Bukele departs from the Shock Doctrine in two important ways: instead of making social cuts, he has used state funds to gain power and popularity. During the pandemic, he spent on aid and food boxes that were distributed house to house and were presented as a personal gift from the president rather than a necessary action of the state. “During the pandemic, he also distributed computers and tablets to boys and girls. But that didn’t solve the problem of connectivity and the gap in internet access. As a result, there were people in conditions of extreme poverty who had no electricity but did have a tablet. Bukele spends arbitrarily and without oversight, but I believe his motivation for spending is simply populist,” explains Mariana, a Salvadoran feminist economist, who prefers to withhold her real name due to the current repressive context. If there are public spending cuts in El Salvador today, it’s not due to a political and economic strategy; it’s simply because the money has run out.

El Salvador, Mariana explains, is a tiny country with a small, powerful elite that preceded Bukele. It is made up of the “Fourteen Families,” the fourteen surnames or clans that have accumulated wealth, first through coffee production and export, and later in other sectors such as construction, manufacturing, the financial sector, and imports, in addition to having investments throughout Latin America. In this context, Bukele is part of the new rich, often called “the Arabs,” and this point is important because one of his clear motivations is social climbing. For this reason, in opposition to what the Shock Doctrine dictates, Bukele has expanded the State, which is what allows him to measure power against these elites.

As a result, Bukele has centralized economic power in the State, through subsidies on products and services like fuel, attempting (unsuccessfully) to curb inflation and generating a dependency on the State and an expansion of the bureaucratic apparatus to manage them. Bukele has also announced mega-infrastructure projects that concentrate investment capacity and decision-making power in the State, as well as deregulation measures for the exploitation of natural resources and foreign capital investment. This last strategy has been difficult to realize because, as Mariana explains, “El Salvador is a small country with few resources and an impoverished population.” Bukele, for example, has inflated the country’s gold reserves by claiming that “studies carried out in only 4% of the potential area identified 50 million ounces of gold, valued today at $131.565 billion.” He does this to give the appearance of having an innovative plan to attract foreign investment and to justify the deregulation of mining.
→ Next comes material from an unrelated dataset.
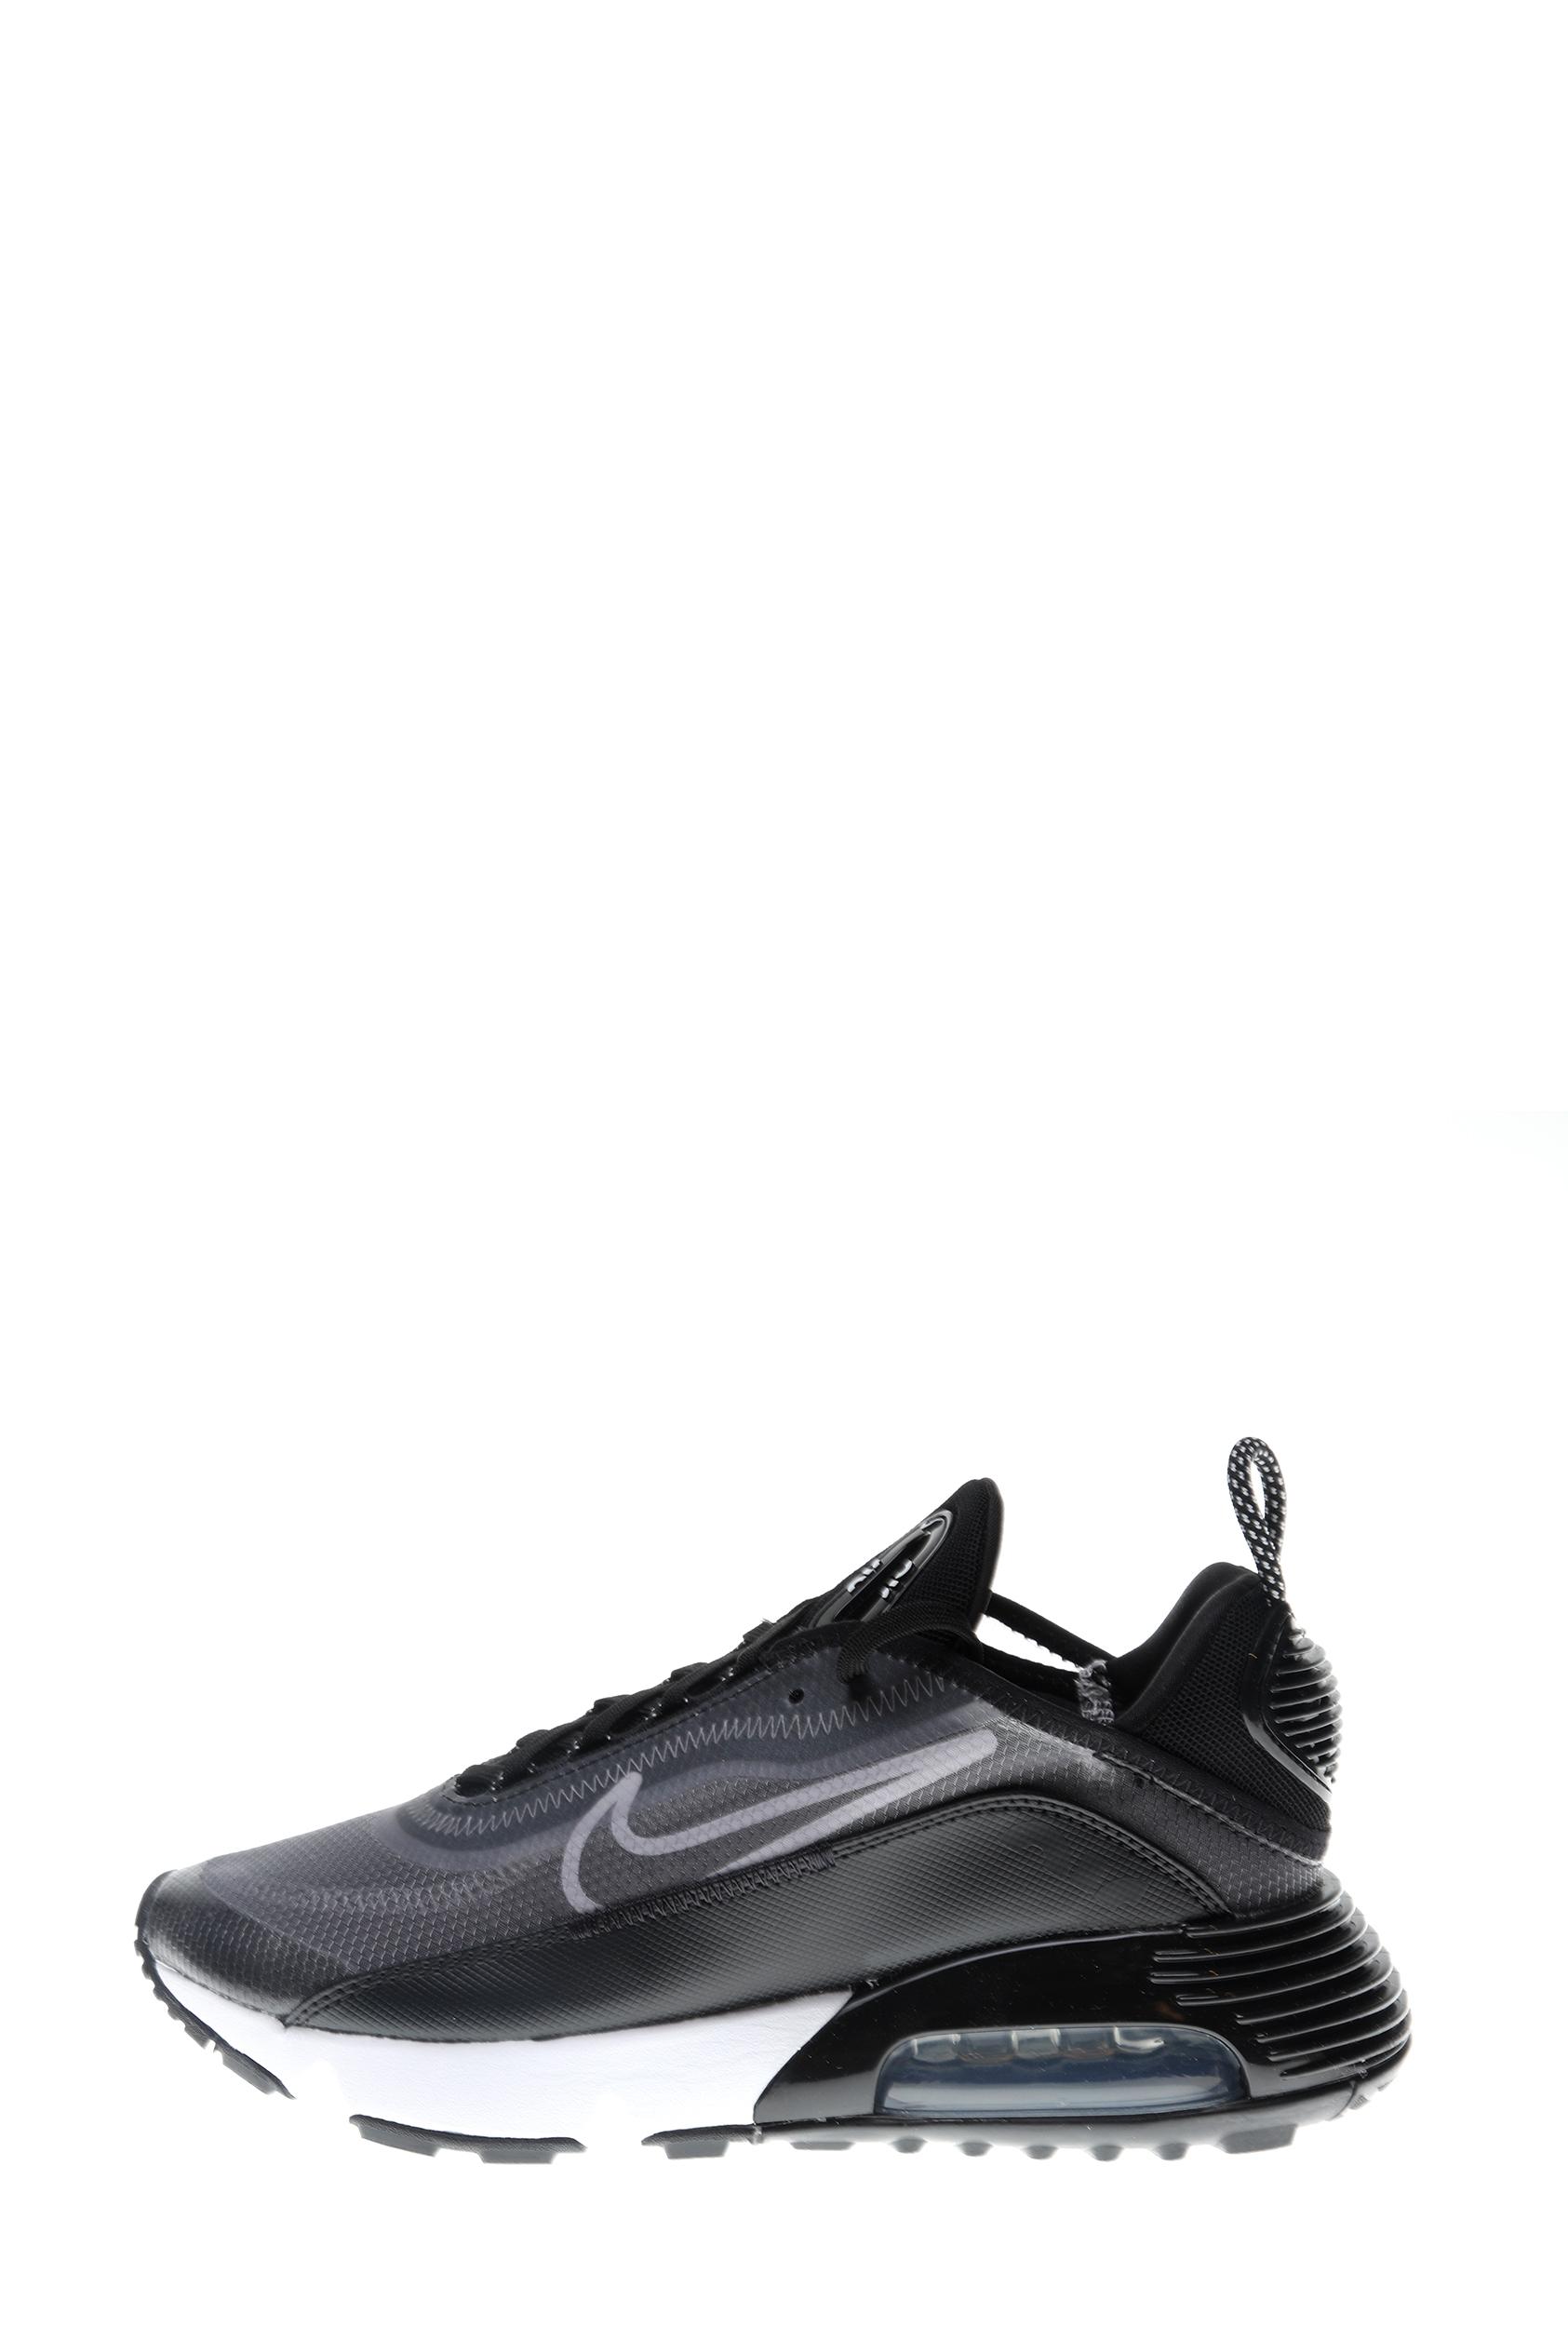 NIKE – Γυναικείο παπούτσι NIKE AIR MAX 2090 μαύρο

But these figures are simply impossible. As a report from the Heinrich Böll Stiftung points out, “These 50 million ounces are equivalent to 1,555 tons of gold, which would represent approximately 2.64% of the world’s known gold reserves. If we do a comparative exercise, 4% of El Salvador’s area (841.64 km²) would contain more gold than all of Mexico, an area that is 2,333.5 times larger and is estimated to have reserves close to 1,400 tons.”

But Bukele’s most public economic adventure has been investing large sums of state money in bitcoin, with complete opacity, and making the cryptocurrency a national currency (alongside the dollar). This move did not go well, as there has not been a massive adoption of the currency in the country (only 2 out of 10 Salvadorans use it), and later, when Bukele had to borrow from the International Monetary Fund, it demanded a reform of the Bitcoin Law to delineate the participation of the public sector.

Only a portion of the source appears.